The set plays with ideas of the empty “frame” so beloved by Cocteau, and the rectangles and frame-making of cinema screens. With references to the original play of Orphée by Cocteau and other operas by Glass, the set also reflects on these ideas of a multiple mirror, or self-reference, the endless quotations and duplicates which mark Cocteau’s work.
For Orphée the Lightmap animation team (Qian Shi, Qian Han, Mohit Varde, Max Behrens and Moira Lam) are creating 2D drawn animations using the work of Cocteau, and a 3D animated environment for the underworld. The animated content is woven in to the live and prefilmed projections. The processes of animation involve environment creation and painting, lighting, light-mapping and finally movement through space, a long and detailed weeks long preparation for a few minutes of content…
On Costume Design
Fashion was central to the world of Jean Cocteau. The costume design in his films and plays merged closely with the world of fashion. Styling and design are a key part of the film Orphée, where each character is as immaculately dressed as Cocteau himself.

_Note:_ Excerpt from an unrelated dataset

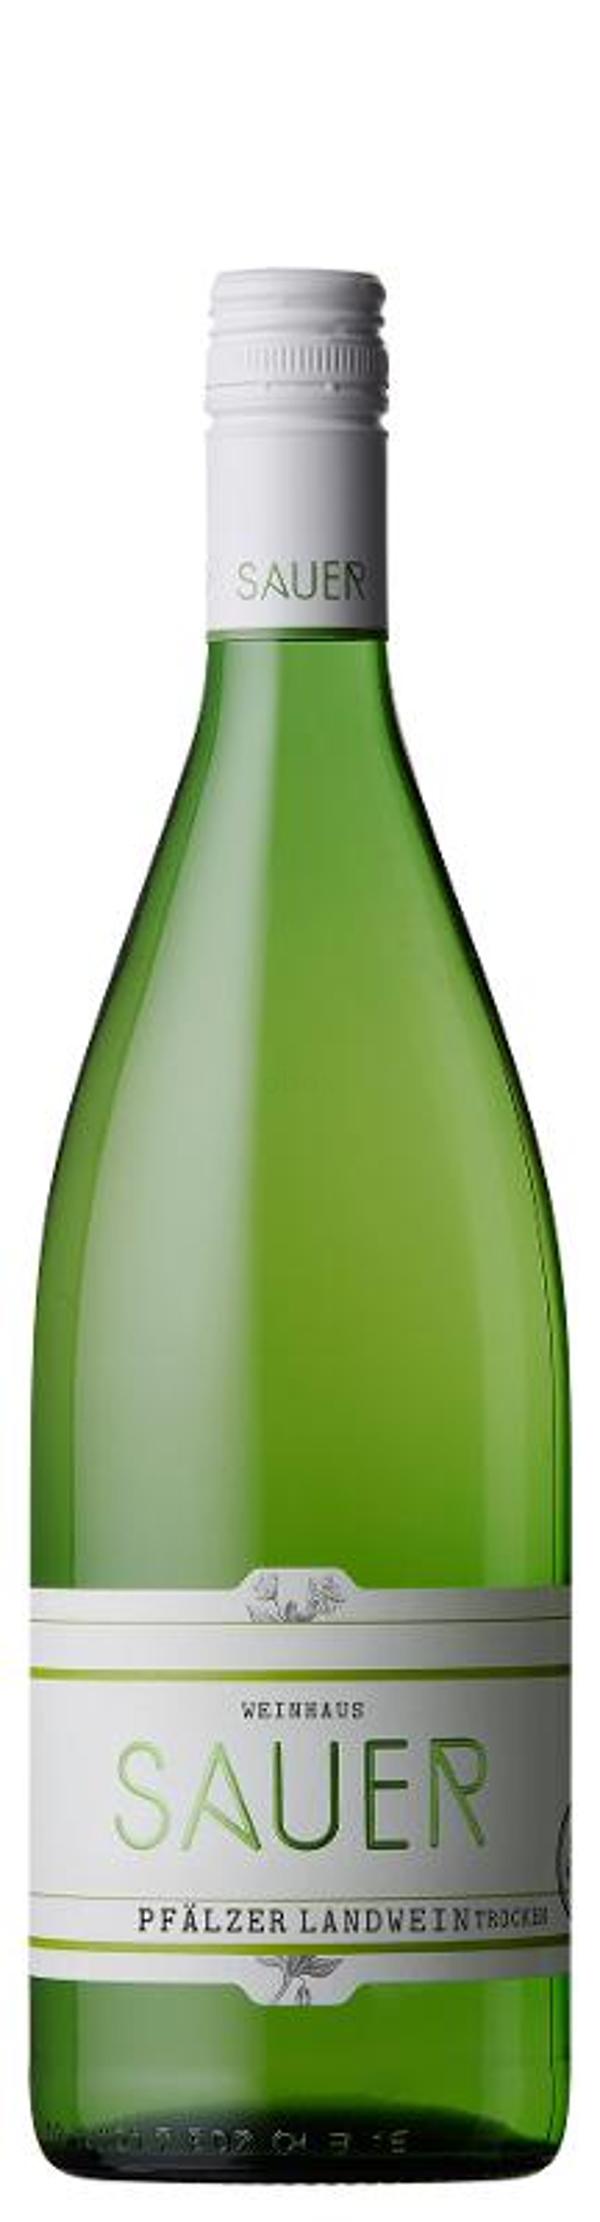 Produktfoto zu trockener Pfälzer Landwein weiß Kiste 6*1L

In this production we have reflected on the close friendships between Cocteau and Coco Chanel (who designed costumes for productions by him and remained a close friend for life), and Elsa Schiaparelli, the innovative and eccentric Italian designer and Cocteau’s close collaborator. These two extraordinary women of fashion also famously hated each other: Chanel derided Schiaparelli’s affection for lurid pink, while Schiaparelli dismissed the greatly more successful and affluent Chanel as ‘the woman who makes hats’.
Ideas for this production of Philip Glass’ Orphée all refer to three quotes by the poet/film director Jean Cocteau;
- “A film is a frozen fountain of thought, a film brings the dead back to life, a film brings the appearance of reality to the unreal”

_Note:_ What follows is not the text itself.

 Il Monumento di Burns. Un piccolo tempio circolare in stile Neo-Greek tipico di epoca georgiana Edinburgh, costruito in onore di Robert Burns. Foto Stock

The staging explores the visual mechanics of film-making and the poetic possibilities of film techniques – time can stop or go backwards, a person or an event can be seen from multiple perspectives, in extreme close up or broad landscape, and film can trick and lie, defy death and create a kind of immortality. From opening up-beat to closing note the set is in constant motion, and the projection follows the moving set.
- “It is much less a film than it is myself”
The opera is like a hall of mirrors or multiple reflective surfaces – it is based on a film, which itself drew inspiration from the whole history of opera. The film reflects on the film-maker and the opera also draws on aspects of the composers life.
- “Cinema is the form of modern writing whose ink is light”
Darkness and light are central to the visual narrative of the production, where light and projected light are the key storytelling tools. The production is modern but not set in any particular period, drawing on the stylistic awareness of Jean Cocteau, the imagery of the film trilogy and the effect that Cocteau’s work had on the young Philip Glass, arriving in Paris in 1954.